Response to Cody

In response to our commentary on the classification of low-penetrance alleles,1 Cody presents a clinically derived alternative to current ClinVar classifications that aims to address the growing body of evidence for complex variant effects and to accommodate difficult-to-interpret, low-penetrance alleles. One of the primary arguments presented for this revised system is the goal of creating a system that puts clinical utility at the forefront and prioritizes the patient’s treating physician as the end user. Building on this concept with a focus on probability as the metric for variant classification over the traditional benign versus pathogenic dichotomy, we would like to further extend this discussion to include quantitative models of variant interpretation and how they can be implemented by clinicians to guide patient care.

While the system suggested by Cody increases the granularity of current ClinVar classifications, we believe that fully embracing the probabilistic nature of variant interpretation to adopt a quantitative model would better address the identified weaknesses of the current system. To this end, we have found the widely used American College of Medical Genetics and Genomics/Association for Molecular Pathology (ACMG/AMP) variant classification guidelines2 to be a more conducive framework. Tavtigian et al. demonstrated that although they were designed as a qualitative set of criteria, the logic used in the ACMG/AMP guidelines is mathematically founded and compatible with Bayesian statistical reasoning. It was shown that the ACMG/AMP guidelines could be modeled as a naïve Bayesian classifier taking the qualitative evidence categories as inputs and outputting a quantitative probability of pathogenicity for individual variants.3

Formally, the output of the Bayesian classifier (designated “post_P”) represents the probability of pathogenicity for an individual variant given the provided evidence. Functionally, interpretation of this probability is similar to the current categorical classifications ranging from benign to pathogenic.3 More importantly, however, are the opportunities enabled by having a quantifiable metric. A major limitation of the current ACMG/AMP guidelines is that variants are assessed individually. In clinical practice, the patient’s entire genetic profile must be considered as a whole and the effect of individual variants cannot be assessed in isolation. Variants in the same gene must be considered in combination since the pathogenicity of a specific variant in a given patient is dependent upon that patient’s other variants. Having a quantitative measure of probability allows us to address this limitation by evaluating probabilities together. Mathematically, multiplying the pathogenic probabilities of two variants together represents the probability of both variants being pathogenic and in the context of Mendelian genetics (assuming recessive inheritance) also represents the probability that the two variants are phenotypically relevant. The effects of two pathogenic variants in combination is ultimately what clinicians and the patient are most interested in and the significance of the finding can be further validated by matching the identified gene’s function to the patient’s clinical presentation.

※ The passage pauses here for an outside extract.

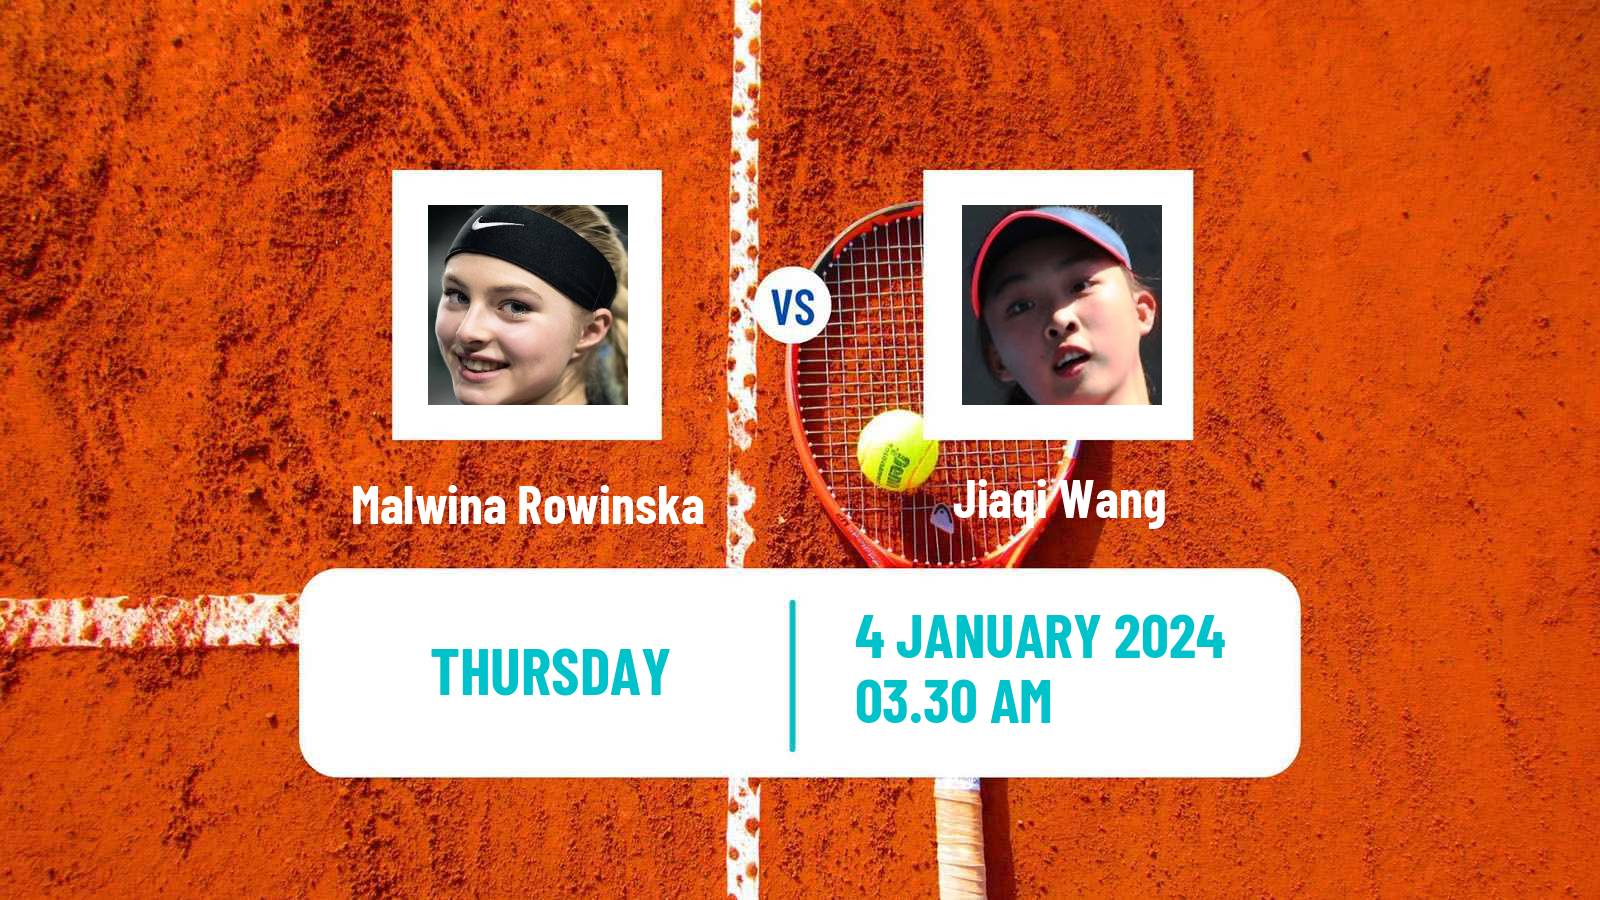 Tennis ITF W15 Monastir Women Malwina Rowinska - Jiaqi Wang

To systematically evaluate the combined variant effects across a patient’s sequencing results, we envision a system where the probabilities of the two variants with the highest probability of pathogenicity in each gene are multiplied together to generate a probability score for each gene. These scores can be ranked or filtered based on predetermined thresholds with the option for genes matching the patient’s clinical presentation to have lower thresholds. This would result in a short list of candidate genes containing genes with a high probability of two pathogenic variants or a moderate probability of two pathogenic variants for genes matching clinical presentation. From a clinician’s perspective, this dramatic reduction in number of candidate variants not only streamlines the process but also minimizes room for bias or error.

Extending this concept beyond Mendelian genetics brings up the discussion of low-penetrance alleles and the varying thresholds of mutation burden for different conditions. As highlighted in our previous commentary, the role of hypomorphic alleles is well-documented. However, where they fit into current variant classification systems is much less clear.1 The concepts of mutational severity (the degree to which a variant negatively affects protein structure and function) and probability of pathogenicity (the degree to which we understand that a variant contributes to disease cause) are often closely intertwined and difficult to separate. The distinction between these two measures is important in the context of hypomorphic alleles because a variant with high probability of a mild effect is different than a variant with uncertain probability of a stronger effect. In these cases, interpretation will depend heavily on the context of the variant and rely on information external to the classification of the variants themselves. Clinical information such as severity of clinical presentation, age of onset, family history, and nature of the condition can be used to qualitatively assess the meaning of the probability scores derived from the Bayesian model. Furthermore, this information can be used to adjust the thresholds for combined variant effects between genes or patients. Conditions known to have a broad spectrum of clinical presentation may prompt lower thresholds for relevant genes and be more inclusive of variants with lower pathogenicity scores whereas conditions that are more binary in their presentation may rely on stricter thresholds. Similarly, patients with milder presentation or later age of onset may warrant reduced thresholds to increase consideration for hypomorphic alleles.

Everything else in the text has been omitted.